0.000000 Reporter::ERROR no such index (Cluster::nodes[Intel::p$descr]) /opt/bro/share/bro/base/frameworks/intel/./cluster.bro, line 35
0.000000 Reporter::ERROR no such index (Cluster::nodes[Intel::p$descr]) /opt/bro/share/bro/base/frameworks/intel/./cluster.bro, line 35
0.000000 Reporter::ERROR no such index (Cluster::nodes[Intel::p$descr]) /opt/bro/share/bro/base/frameworks/intel/./cluster.bro, line 35
0.000000 Reporter::ERROR no such index (Cluster::nodes[Intel::p$descr]) /opt/bro/share/bro/base/frameworks/intel/./cluster.bro, line 35
So I commented out that section just for grins, and it still crashes.
[mclemons@bromaster-kcc:~/logs/current ] $ tail -f reporter.log
1489101446.599386 Reporter::INFO processing continued (empty)
1489101446.582511 Reporter::INFO processing continued (empty)
1489101446.565019 Reporter::INFO processing suspended (empty)
1489101446.565019 Reporter::INFO processing continued (empty)
1489101446.637924 Reporter::INFO processing suspended (empty)
1489101446.637924 Reporter::INFO processing continued (empty)
1489101446.728349 Reporter::INFO processing continued (empty)
1489101446.681030 Reporter::INFO processing continued (empty)
1489101446.751914 Reporter::INFO processing continued (empty)
1489101446.755815 Reporter::INFO processing continued (empty)
0.000000 Reporter::INFO received termination signal (empty)
#close 2017-03-09-23-19-16
Child died in the communication.log.
And a segfault:
2017-03-09T18:34:06.409225+00:00 HOSTNAME kernel: bro[60506]: segfault at 0 ip 00000000005fcf8d sp 00007fffaf9d2f40 error 6 in bro[400000+624000]
Just wanted to give an update to show how crazy this has been.
The segfaults made me think “memory issue”, so i ran memtest on the system.

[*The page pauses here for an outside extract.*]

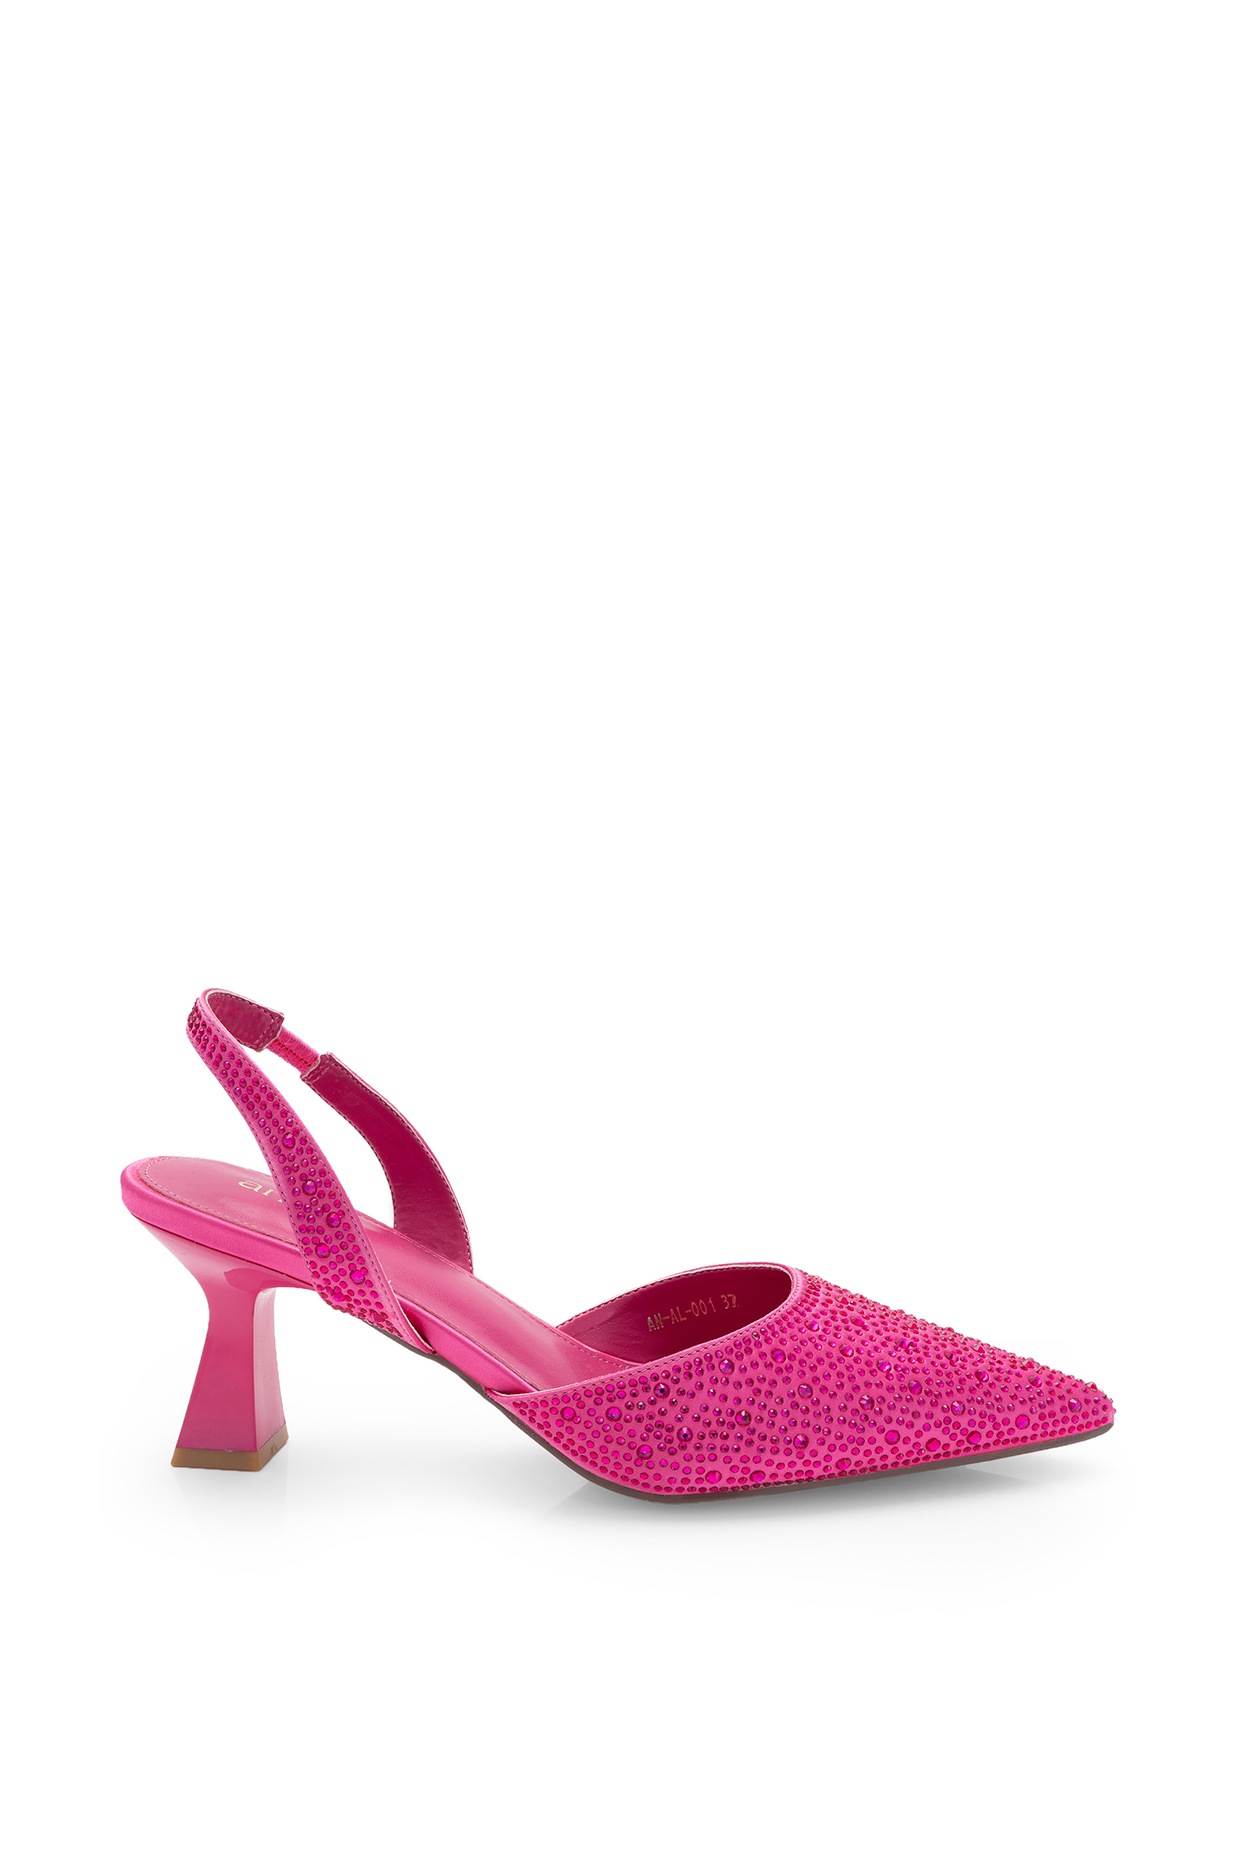 Lawless Hot Pink Satin Pointed Court Heels With Diamante Brooches – Club L  London - USA

It has a lot of mems so this took many hours to complete, and with 0 errors. Pulled power on the system and upon boot, everything came up fine with a limited set of workers. I added all 200+ worker processes back in, and now it’s running like a champ again.
The only other thing that it could have been was a power outage on one of the 10 gig worker boxes. It kept blipping and coming back up. Bro cron was starting processes, and then that worker system was crashing due to lack of power. This could have caused the manager to fail. But i can’t really tell what the root cause was.
Thanks for the responses.
Ah.. I dropped the ball on this, sorry.
That's really interesting that a full restart fixed things. One thing I was thinking could have caused it was a stray/hung bro process somehow still listening on the port, but that usually shows up as a much more explicit issue in the logs.
It may be possible to use gdb to see where this is in the bro binary:
2017-03-09T18:34:06.409225+00:00 HOSTNAME kernel: bro[60506]: segfault at 0 ip 00000000005fcf8d sp 00007fffaf9d2f40 error 6 in bro[400000+624000]
I'm not sure if the usual method would work, but you can try
gdb `which bro`
and then at the (gdb) prompt, see if
info symbol 0x00000000005fcf8d
info symbol 0x00007fffaf9d2f40
show anything useful. There may be a more correct command to get gdb to tell you where in the bro binary the segfault occurred.